Errors and Approximations

Statistical errors are the difference between the actual magnitude of the object in question and the magnitude of the estimation of the objects given by the enumerator or researcher.
For example, an investigator estimated that 4,832 people use a particular toothpaste in an area, but the actual number of people that use the toothpaste is 5,241.
- Then statistical error = actual number of people - estimated number of people:
  5241 - 4832 = 409
Statistical error is not the same as the errors in the process of calculating your estimated error.

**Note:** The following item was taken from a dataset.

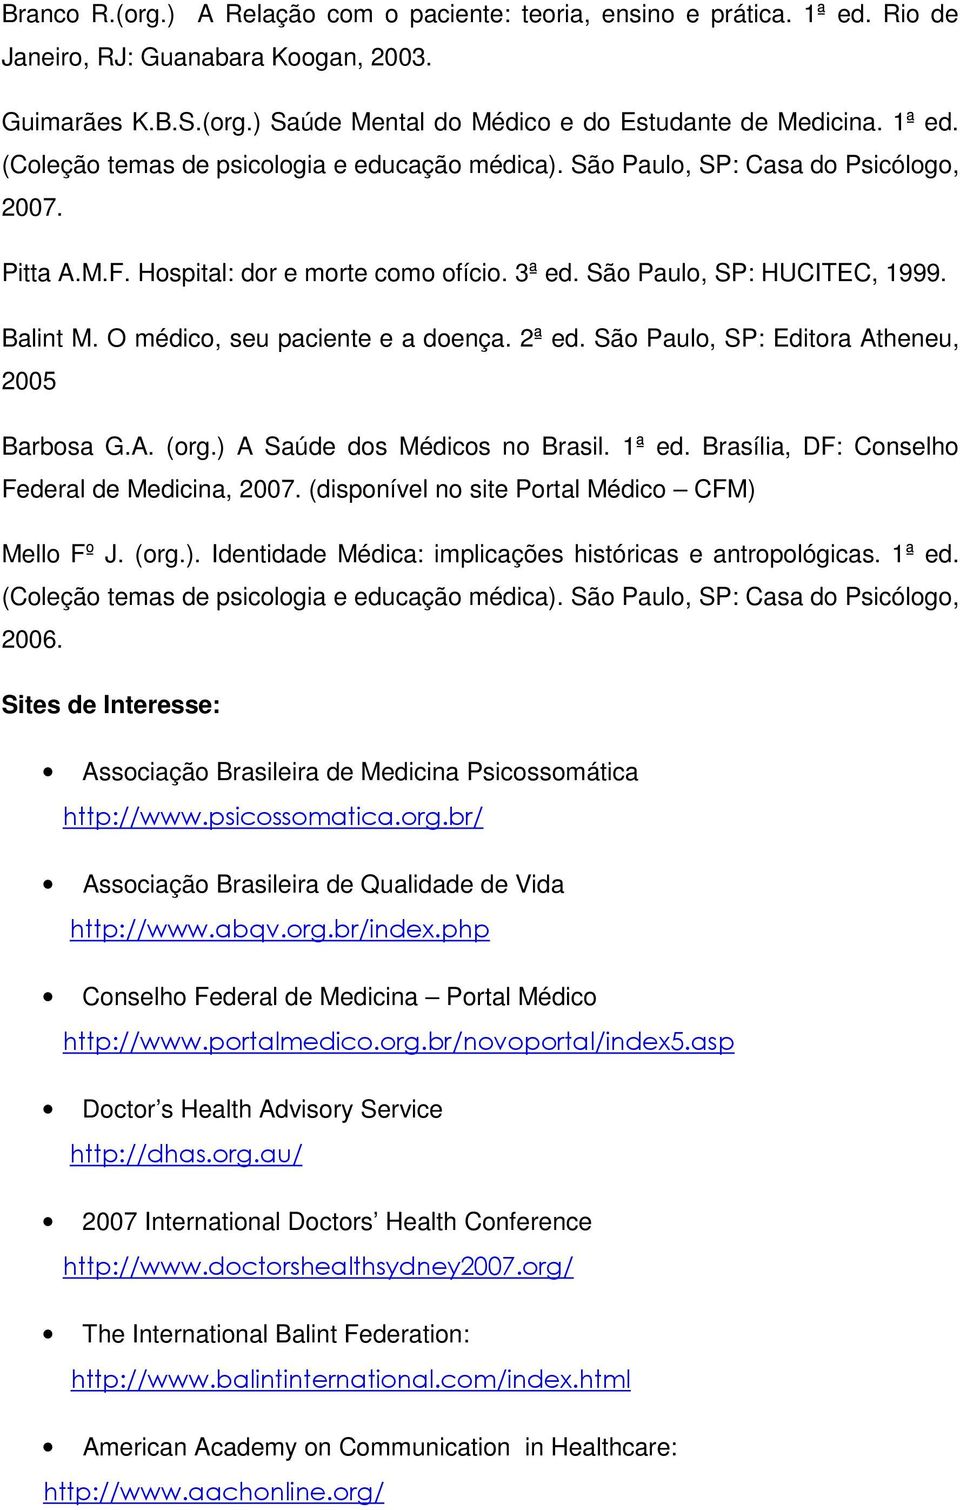 São Paulo, SP: Editora Atheneu, 2005 Barbosa G.A. (org.) A Saúde dos Médicos no Brasil. 1ª ed. Brasília, DF: Conselho Federal de Medicina, 2007. (disponível no site Portal Médico CFM) Mello Fº J.
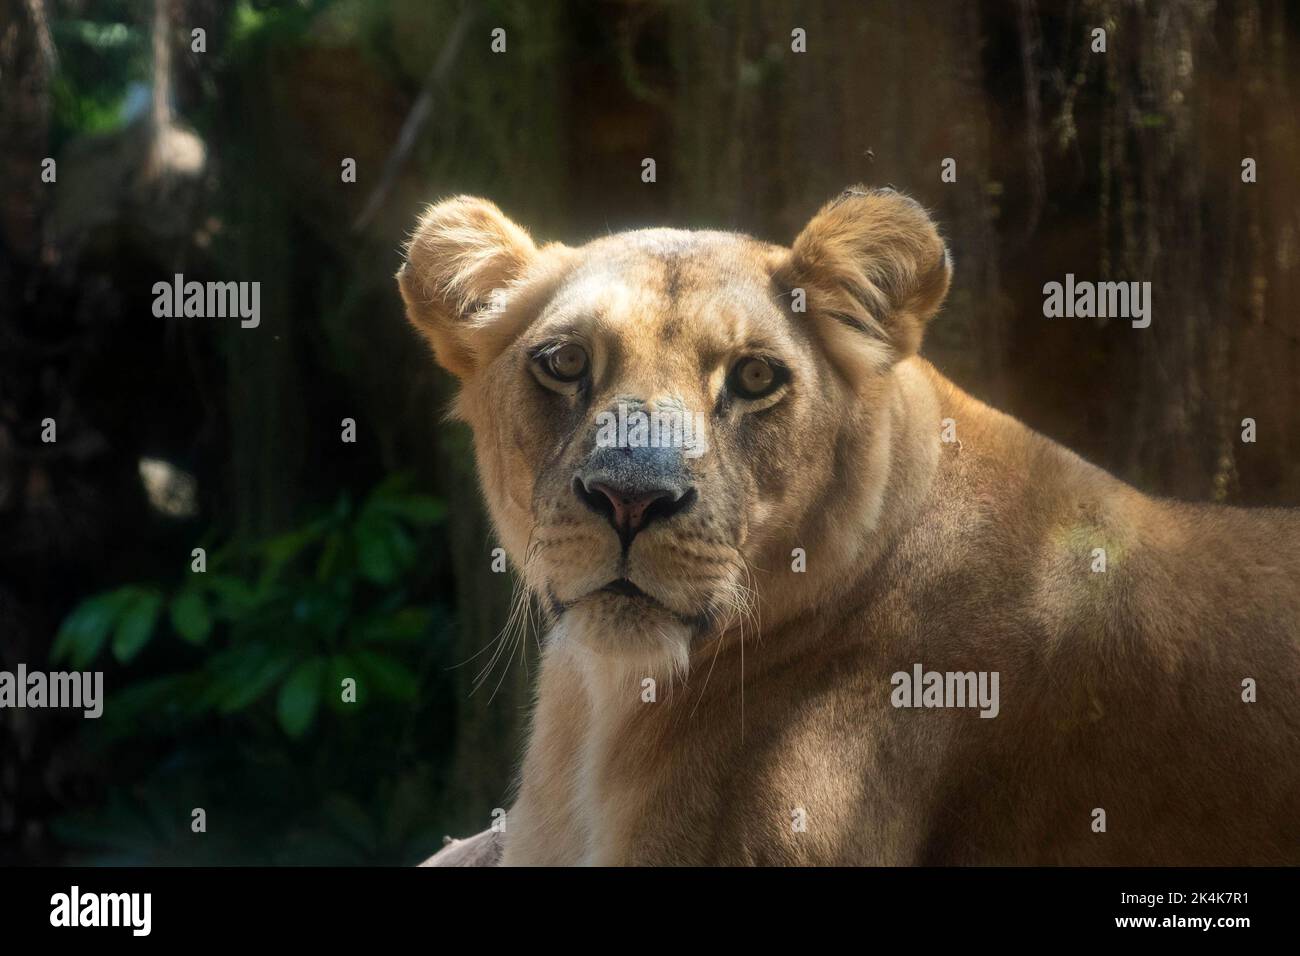 Weibliches Löwen- oder Löwenporträt Stockfoto

Causes of Statistical Error

Errors due to the measuring instruments used; some instruments used may not have the capacity to give accurate measurements.
Errors due to the inability of the researcher to correctly use the instrument or improper units of measurements.
Errors due to wrong information supplied by the respondents themselves.
Errors as a result of small samples that may not be a true representative of the population concerned.
Errors due to unnecessary approximations of the measurements of objects.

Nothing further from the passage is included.